In the article zero Copy Technology, we introduced the principle of zero copy technology, and we know that MMAP is also an implementation of zero copy technology. In this article, we will focus on the principles of MMAP.

First, traditional reading and writing files

Generally speaking, there are three steps to modify the contents of a file:

  • Read the contents of the file into memory.
  • Modify the contents of memory.
  • Writes memory data to a file.

The process is shown in Figure 1:

If you use code to implement the above procedure, the code would look like this:

read(fd, buf, 1024);  // Read the contents of the file to buf.// Modify the buF content
write(fd, buf, 1024); // Write the contents of buf to the file
Copy the code

As you can see from Figure 1, page cache is the middle layer for reading and writing files, and the kernel uses page cache to associate data blocks of files.
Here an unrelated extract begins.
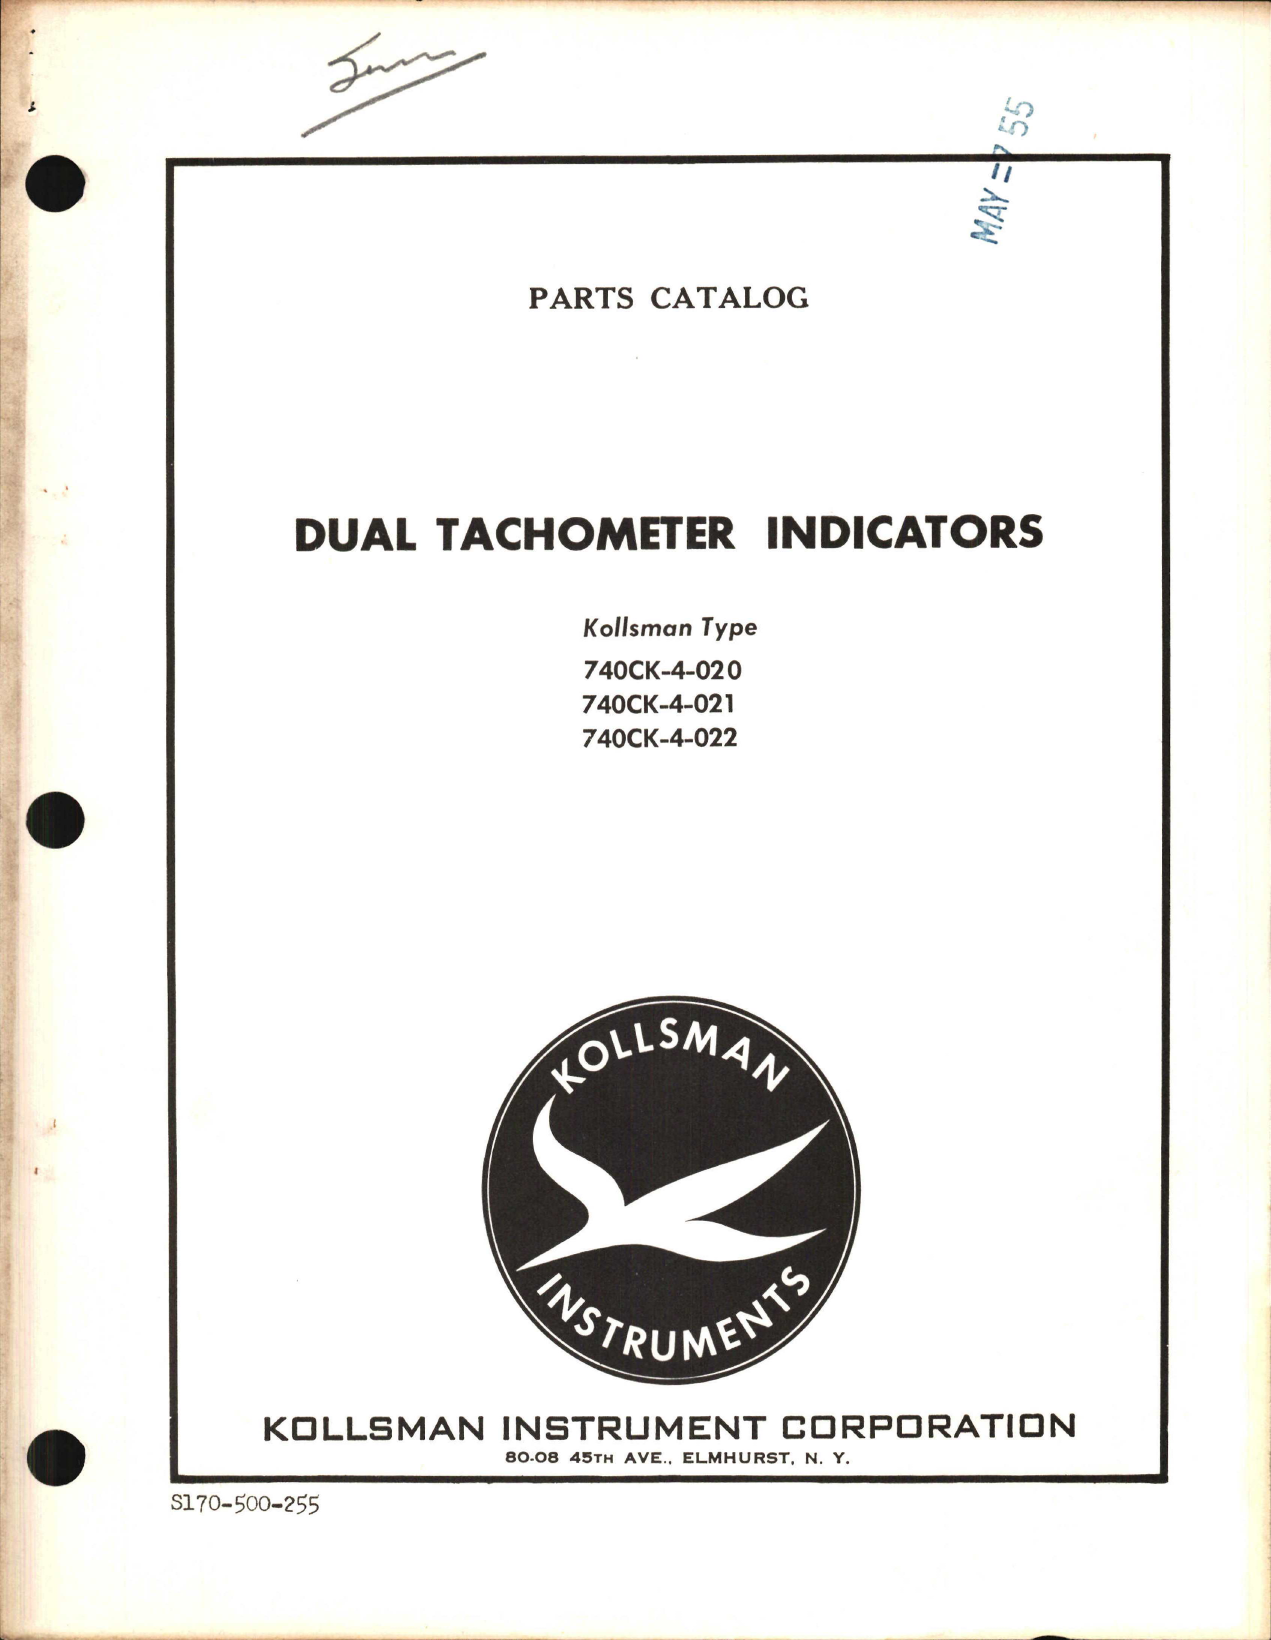 Sample page 1 from AirCorps Library document: Parts Catalog for Kollsman Dual Tachometer Indicators

So when an application reads or writes a file, it’s actually page caching.

Use Mmap to read and write files

From the traditional file reading and writing process, we can see that there is an optimization: if you can read and write the page cache directly in user space, you can avoid copying the data from the page cache to the user space buffer.

So, is there any technology that can do that? The answer is yes, it’s MMAP.

Using the MMAP system call, you can map (bind) the virtual memory address of user space to the file, and read and write the mapped virtual memory address as if it were a file. The principle is shown in Figure 2:

As we mentioned earlier, reading and writing files requires page caching, so MMap maps the page cache of files, not the files themselves on disk. Because MMap maps the page cache of a file, there is a synchronization issue, which is when the page cache will synchronize data to disk.

The Linux kernel does not actively synchronize mMAP-mapped page caches to disk, but requires the user to do so. There are four opportunities to synchronize mMAP-mapped memory to disk:

  • callmsyncThe function synchronizes data actively (actively).
  • callmunmapFunction to unmap a file (active).
  • Process exits (passive).
  • System shutdown (passive).

Iii. How to use MMAP

Here’s how to use mmap. The prototype of the mmap function is as follows:

void *mmap(void *addr, size_t length, int prot, int flags, int fd, off_t offset);
Copy the code

Here are the parameters of the Mmap function:

  • Addr: Specifies the mapped virtual memory address. The value can be set to NULL for the Linux kernel to automatically select an appropriate virtual memory address.

  • Length: indicates the length of the mapping.

  • Prot: indicates the protection mode of the mapped memory. Possible values are as follows:

    • PROT_EXEC: Can be executed.
    1. PROT_READ: Can be read.
    2. PROT_WRITE: Can be written.
    3. PROT_NONE: Inaccessible.
  • Flags: specifies the mapping type. Possible values are as follows:

    • MAP_FIXED: uses the specified start virtual memory address for mapping.
    1. MAP_SHARED: Shares the mapping space with all other processes that map to this file (enabling shared memory).
    2. MAP_PRIVATE: Creates a private mapping space for Copy on Write.
    3. MAP_LOCKED: Locks pages in the mapped area to prevent pages from being swapped out of memory.
    4. .
  • Fd: file handle for mapping.

  • Offset: the file offset (where the file is mapped from).

Having introduced the prototype of the Mmap function, we now use a simple example to show how to use mmap:

int fd = open(filepath, O_RDWR, 0644);                           // Open the file
void *addr = mmap(NULL.8192, PROT_WRITE, MAP_SHARED, fd, 4096); // Map the file
Copy the code

In the above example, we first open the file in read-write mode using the open function, and then map the file using the mmap function as follows:

  • addrIf the parameter is set to NULL, the OPERATING system automatically selects an appropriate virtual memory address for mapping.
  • lengthSetting the parameter to 8192 means that the mapped area is the size of two memory pages (a memory page is 4 KB).
  • protParameter set toPROT_WRITEIndicates that the mapped memory area is read-write.
  • flagsParameter set toMAP_SHAREDRepresents a shared mapping area.
  • fdParameter Setting File handle to open.
  • offsetIf the parameter is set to 4096, the mapping starts at 4096 in the file.

The mmap function returns the mapped memory address from which we can read and write files. Figure 3 shows the structure of the above example in the kernel:

Four,

This article mainly introduces the principle and usage of MMAP. We can know that mmap can reduce The Times of memory copy and system call when reading and writing files, so as to improve the efficiency of reading and writing files.

Since the kernel does not actively synchronize data in the memory area mapped by Mmap, data loss can occur in some special scenarios (such as power outages). To avoid data loss, when using MMAP, you can actively call the msync function to synchronize the mapped memory area data when appropriate.